In the listing below, find the line holding "Landscape Boulders Spokane" and the line holding "60 X 72 Frameless". Write out those two lines and all lines between, exactly, and nothing more.

◆ **Dataset extract**
◇ ◇ ◇ ◇ ◇

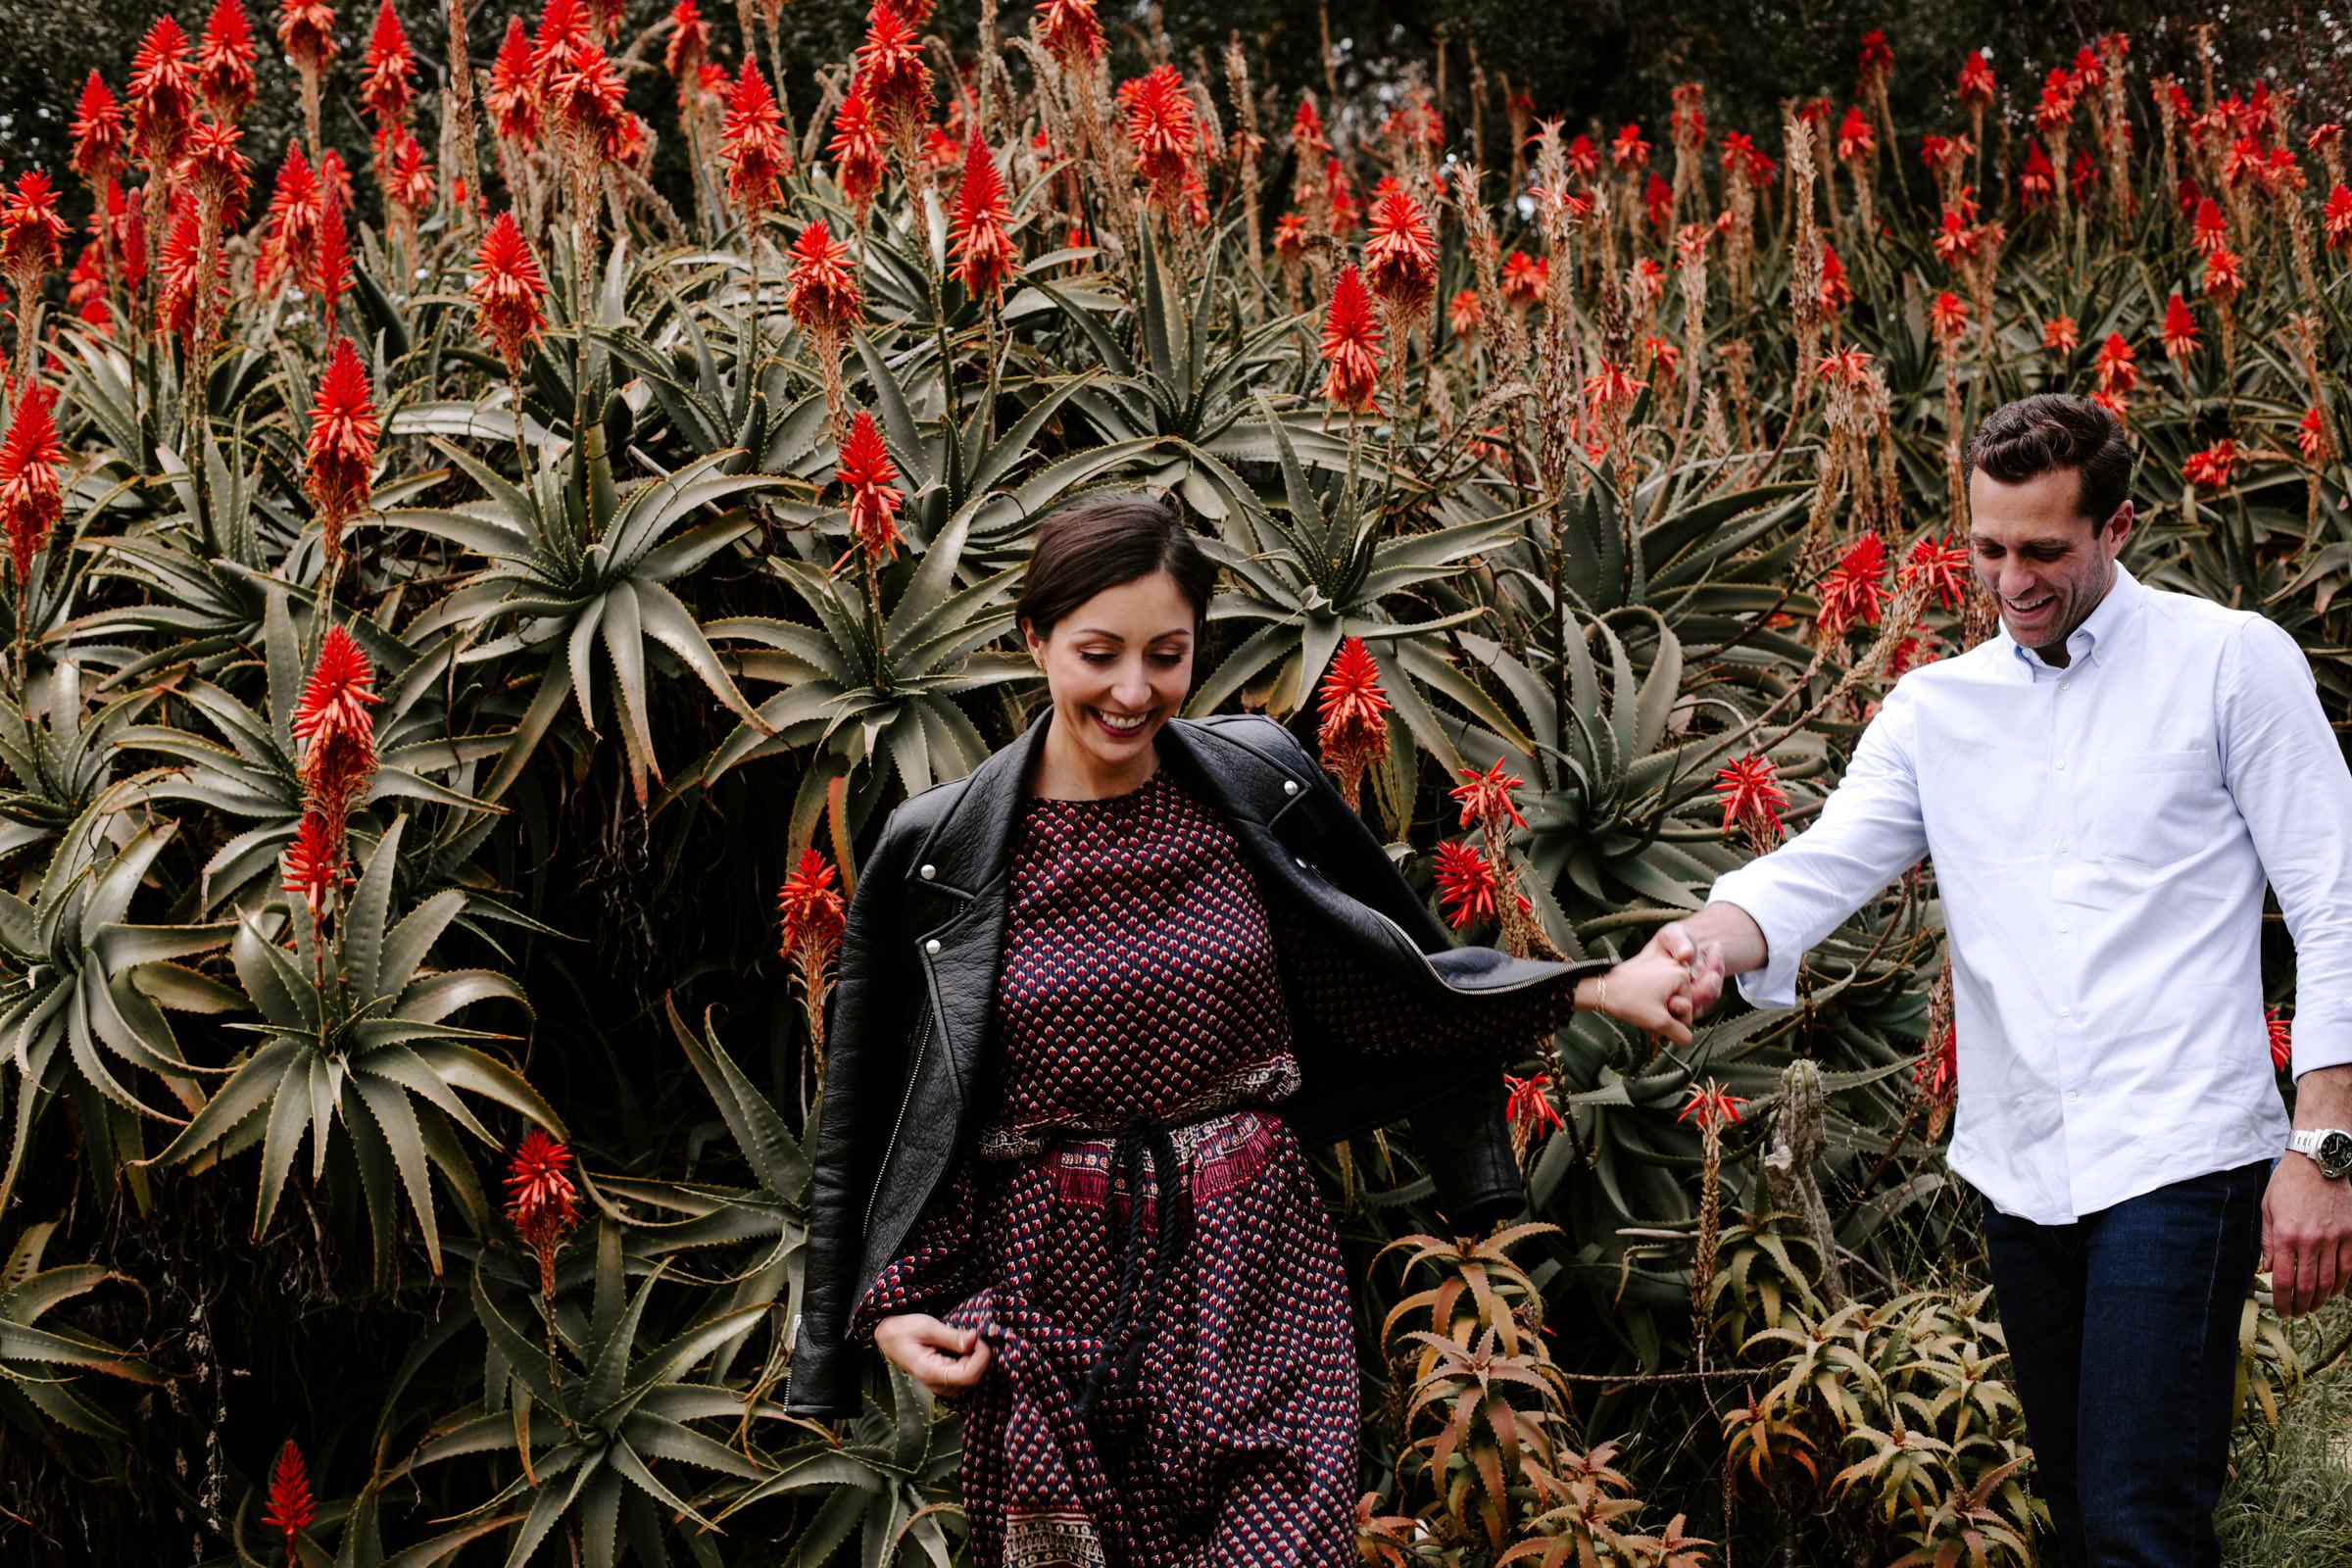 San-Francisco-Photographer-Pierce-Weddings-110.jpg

◇ ◇ ◇ ◇ ◇

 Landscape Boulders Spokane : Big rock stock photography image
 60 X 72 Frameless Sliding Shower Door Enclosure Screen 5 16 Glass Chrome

◇ ◇ ◇ ◇ ◇

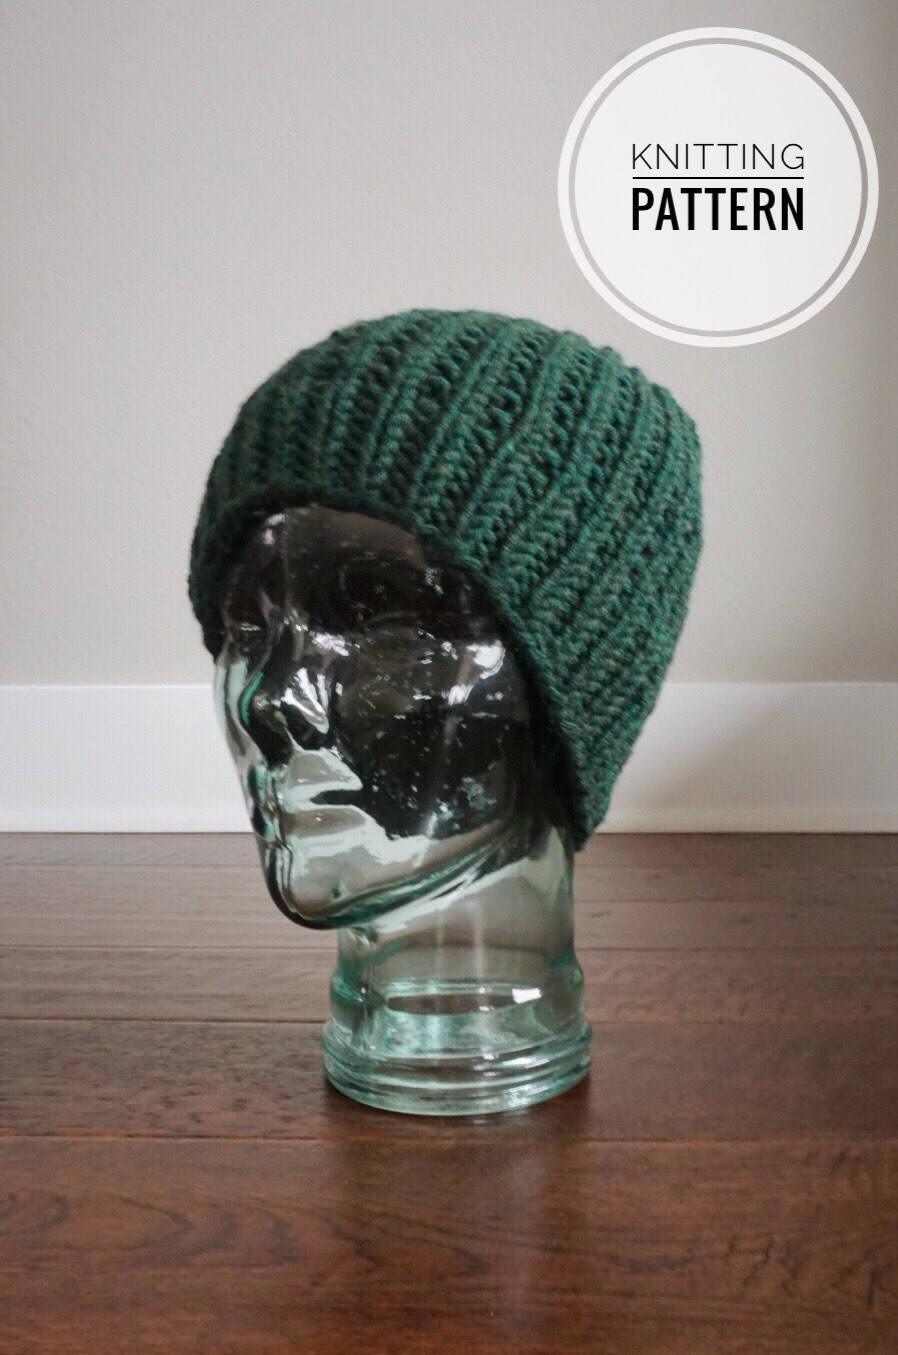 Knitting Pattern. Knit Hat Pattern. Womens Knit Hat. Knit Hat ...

◇ ◇ ◇ ◇ ◇

◆ **Reply**
 Landscape Boulders Spokane : Big rock stock photography image
 60 X 72 Frameless Sliding Shower Door Enclosure Screen 5 16 Glass Chrome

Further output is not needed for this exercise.